Project Directory Structure

licit-cli/
├── pyproject.toml              # Metadata, deps, tools
├── LICENSE                     # MIT
├── README.md                   # README in English
├── CHANGELOG.md                # Changelog in English
├── SECURITY.md                 # Security policy
├── SEGUIMIENTO-V0.md           # Implementation tracking (Spanish)

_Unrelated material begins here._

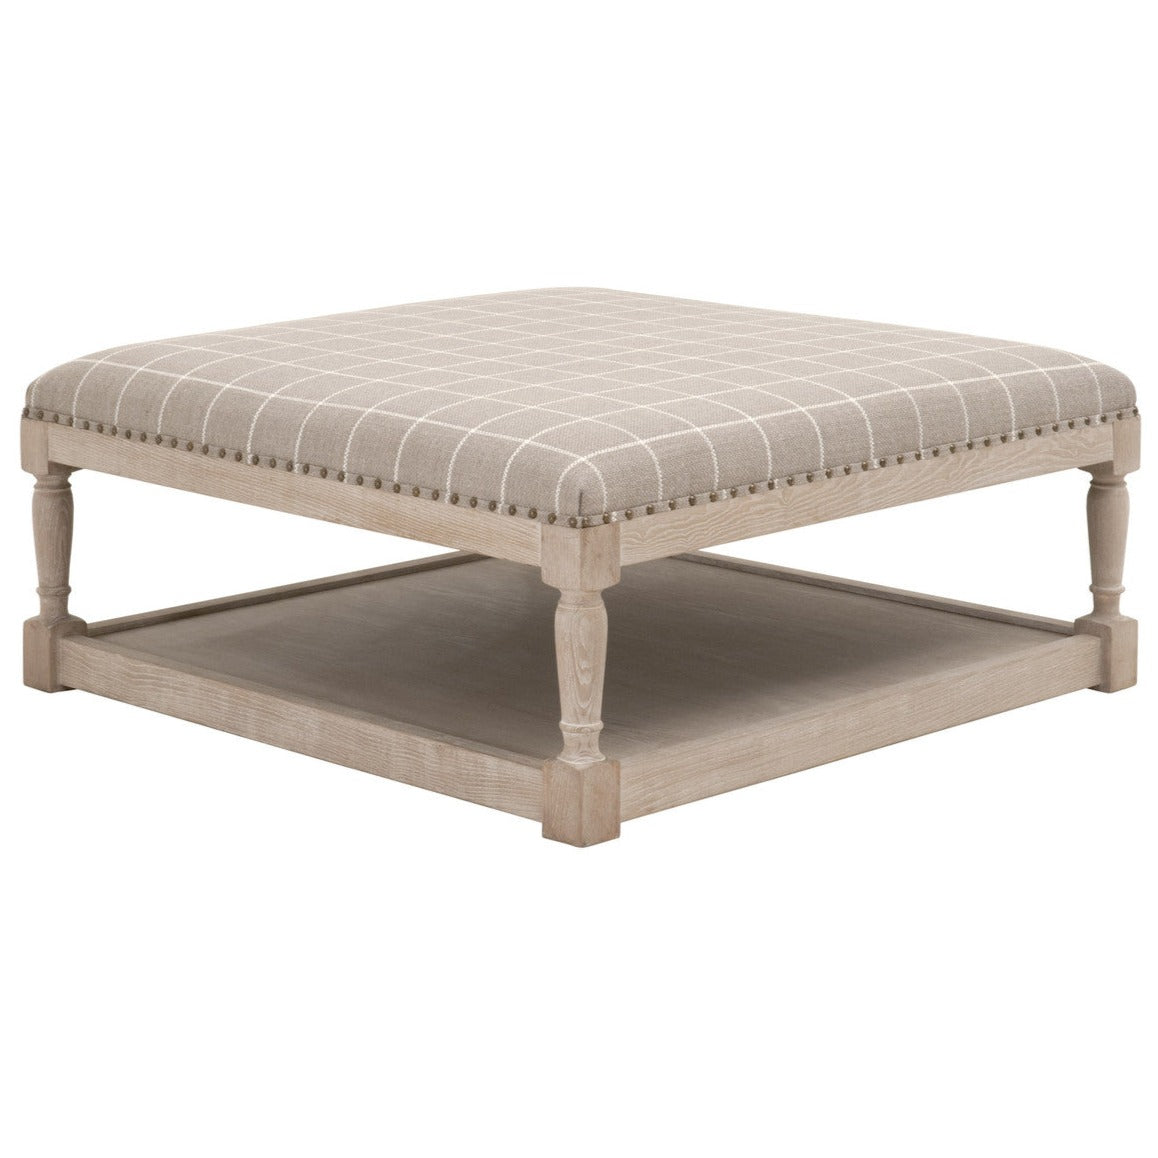 Townsend Upholstered Windowpane Pebble Coffee Table

├── docs/                       # This documentation
├── src/
│   └── licit/
│       ├── __init__.py         # __version__
│       ├── __main__.py         # python -m licit
│       ├── py.typed            # PEP 561
│       ├── cli.py              # Click CLI
│       ├── config/
│       │   ├── schema.py       # Pydantic models
│       │   ├── loader.py       # YAML load/save
│       │   └── defaults.py     # Constants
│       ├── core/
│       │   ├── models.py       # Dataclasses + enums
│       │   ├── project.py      # ProjectDetector
│       │   └── evidence.py     # EvidenceCollector
│       ├── logging/
│       │   └── setup.py        # structlog config
│       ├── provenance/         # Phase 2 (COMPLETED)
│       │   ├── heuristics.py   # 6 AI detection heuristics
│       │   ├── git_analyzer.py # Git history analysis
│       │   ├── store.py        # Append-only JSONL store
│       │   ├── attestation.py  # HMAC-SHA256 + Merkle tree
│       │   ├── tracker.py      # Orchestrator
│       │   ├── report.py       # Markdown report generator
│       │   └── session_readers/
│       │       ├── base.py     # Protocol SessionReader
│       │       └── claude_code.py  # Claude Code JSONL reader
│       ├── changelog/          # (Phase 3)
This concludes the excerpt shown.